Le réseau, nous aurait-il changé en roseau ? « Le travail à base de puissance matérielle est un travail d’équipe, où les forces s’additionnent. Pour sortir un tombereau d’un fossé, quatre hommes peuvent avoir besoin de la force d’un handicapé, qui ajoute la puissance nécessaire pour réussir l’opération. Dans le monde du travail intellectuel c’est l’inverse, c’est le réseau qui fonctionne et sa résistance est fonction du maillon faible.», explique Hubert Bouchet, auteur d’un rapport sur « l’acte productif dans la société des savoirs et de l’immatériel ». Et chacun de nous peut devenir le maillon faible. Un maillon d’autant plus cassable qu’il n’existe pas d’argumentation objective pour déterminer la qualité du travail intellectuel, comme pour le bienheureux plombier (qu’il soit ch’timi ou polonais). En outre, « Les nouvelles technologies ont rendu les salariés plus autonomes et donc plus responsables. Cette liberté est une bénédiction pour les uns, une source de stress considérable pour les autres. », ajoute Mathieu Llhorens, responsable développement à Xiti. Tout un niveau de hiérarchie – les fameux « petits chefaillons » - commence à disparaître dans les grandes entreprises. Pis, nombre d’entre nous ne savent plus gérer l’information, dont nous sommes tous devenus émetteur et récepteur avec Internet. « Pour travailler un peu, il faut que je sois connecté, et pour travailler longtemps, il faut que je me déconnecte. », résume le sociologue Yves Lasfargue. « Au travail, cela induit même une sorte de culpabilité : si on n’a pas la dernière information au bon moment, on ne sera pas performant, efficace… », insiste Matthieu Llhorens.

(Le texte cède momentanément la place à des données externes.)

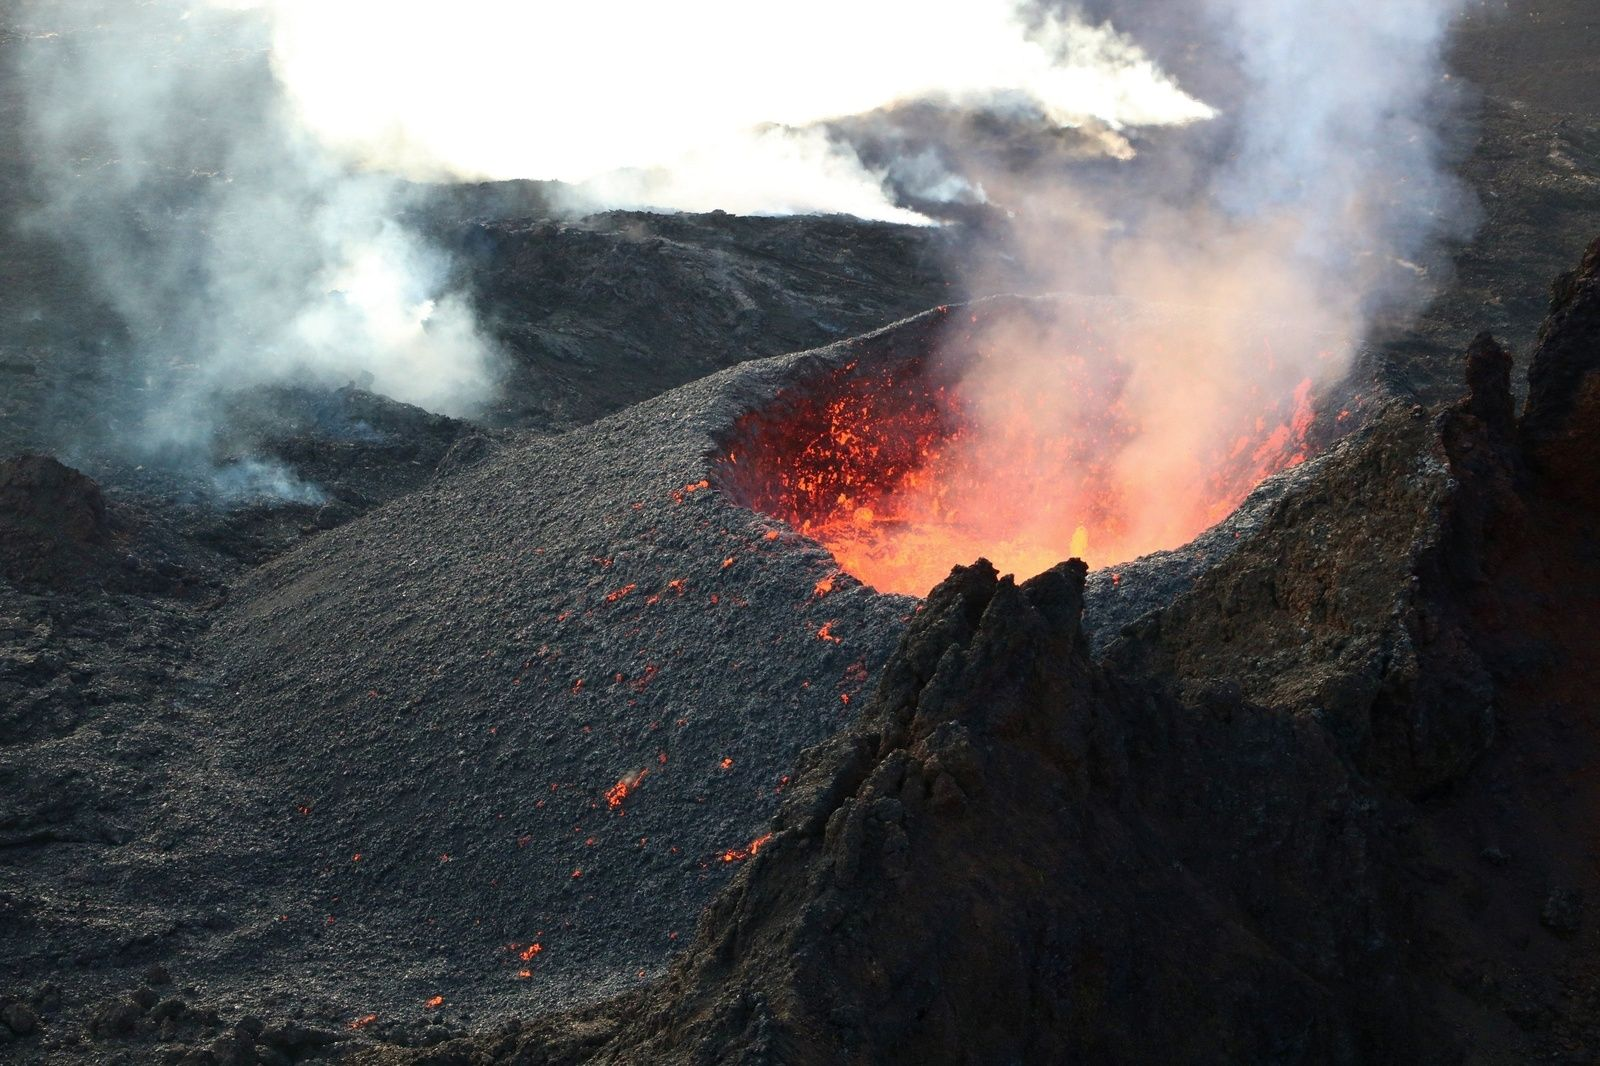 Piton De La Fournaise The Piton Named Lo Rwa Kaf Photo Ovpf During His Activity On 05 03 2019 Volcano Volcanology World

Sous le poids de l’indépendance, le roseau ploie mais ne rompt pas s’il préserve son bien-être intérieur. Dans le cadre d’une profession intellectuelle, la performance, même exprimée brièvement, est toujours le résultat d’un long entraînement, incluant les moments de pure réflexion, comme les temps de repos et de divertissement durant lesquels le cerveau continuer à fonctionner de manière inopportune. Ce rafraîchissement des cellules grises est plutôt entretenu à travers l’usage privé d’Internet sur le lieu de travail. Mais là, le salarié évolue en plein marécage, méconnaissant la législation en la matière. Normal, « la loi est assez floue, elle parle de « mesures », cet usage privé doit rester dans des proportions raisonnables. », assure Murielle-Isabelle Cahen, avocate. Et une demi-heure par jour, c’est raisonnable.

Geste à tester : Prenez dès maintenant le temps de la réflexion pour donner suite à certains messages électroniques. En les stockant dans un répertoire particulier, afin qu’ils ne tombent pas dans l’oubli.

 Addiction

La bonne vieille loi de Lederman régit presque toutes les conduites humaines et tous les objets possibles de consommation – jeu, alcool, cannabis, téléphone portable, nourriture…- : plus il y a d’utilisateurs, et plus il y a d’utilisateurs à problème, dans une proportion relativement fixe entre 1 et 2%. « C’est une loi importante, car tous les débats de société sur n’importe quel thème concernent ces 1 à 2% en question, en cherchant à déterminer ces 2% d’utilisateurs pathologiques auront globalement un effet plus négatif que l’usage et l’intérêt pour les 98% restants. », affirme Michel Hautefeuille, praticien hospitalier à Marmottan.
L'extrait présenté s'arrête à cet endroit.